Argumento da Uber: O mototáxi oferece oportunidades de renda para motociclistas.
Contraponto: A precarização do trabalho é uma preocupação, com muitos motociclistas expostos a riscos sem garantias trabalhistas e previdenciárias adequadas ou totalmente inexistentes. O combate à indústria do fumo que também gerava milhares de empregos, melhorou, e muito, a qualidade de vida do brasileiro.
Ação Recomendada: Promover políticas de emprego que ofereçam segurança e estabilidade, incentivando o emprego formal e o treinamento em setores de transporte público. Devemos lutar por inciativas de capacitação profissional e não lançar nossos jovens em empregos que colocam em risco suas vidas e a dos passageiros.
Argumento da Uber: O mototáxi é utilizado por classes econômicas mais baixas, promovendo inclusão.
Contraponto: A verdadeira inclusão vem do acesso equitativo a um transporte público de qualidade, que não discrimine pela capacidade de pagar. O uso do mototáxi, quando ocorre, não é em busca de tarifa mais baixa. O morador da periferia busca reduzir seu tempo de viagem até terminal de ônibus ou estação de trem ou metrô.
Ação Recomendada: Aumentar o investimento em transporte público conectado e eficiente, com integração tarifária.
Conclusão
O mototáxi, apesar de suas aparentes vantagens, não é uma solução adequada para os desafios da mobilidade em nossas cidades. Gestores públicos, operadores de transporte e a sociedade civil devem trabalhar juntos para promover alternativas mais seguras, eficientes e sustentáveis, garantindo uma mobilidade urbana que beneficie a todos.

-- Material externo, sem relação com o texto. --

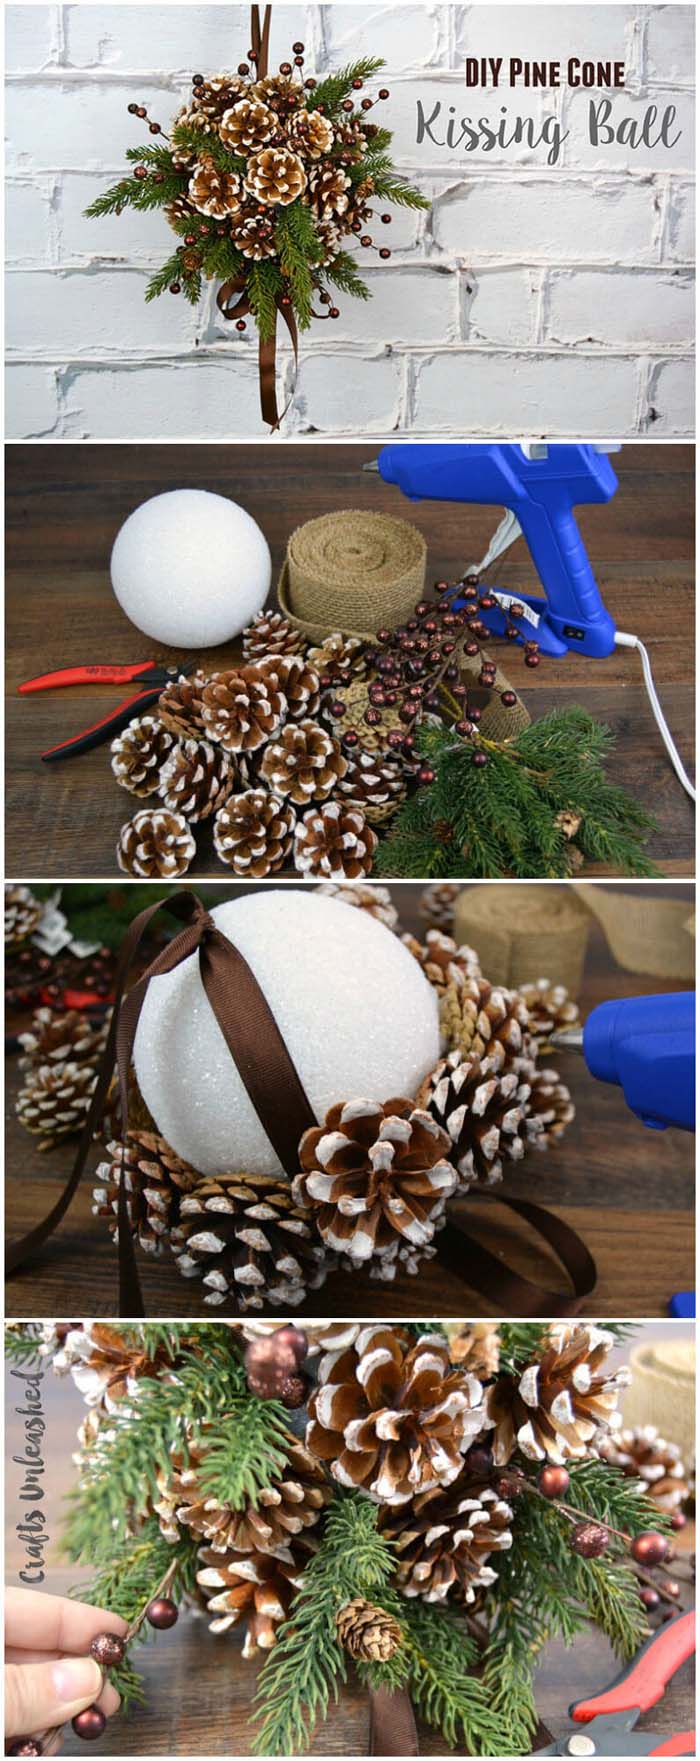 Pine Cone DIY Kissing Ball #Christmas #crafts #decorations #decorhomeideas

O embate jurídico é necessário, mas não suficiente. O embate deve se dar nas ruas por onde milhões de cidadãos se deslocam diariamente. Ou aprimoramos o atendimento nas periferias ou nenhum esforço de caráter jurídico será suficiente para impedir este retrocesso lamentável.
Jurandir Fernandes foi secretário de Transportes de Campinas e secretário de Estado dos Transportes Metropolitanos (SP). Presidiu a Emdec (Campinas), a Emplasa (São Paulo), o Denatran (Brasília) e os Conselhos de Administração do Metrô-SP, CPTM e EMTU-SP. Coordena o Grupo de Mobilidade do Sindicato dos Engenheiros de São Paulo. É membro do Conselho Internacional do Centro Paulista de Estudos da Transição Energética (Unicamp) e do Conselho da Frente Parlamentar pelos Centros Urbanos (Brasília). É vice-presidente honorário da UITP (Bruxelas).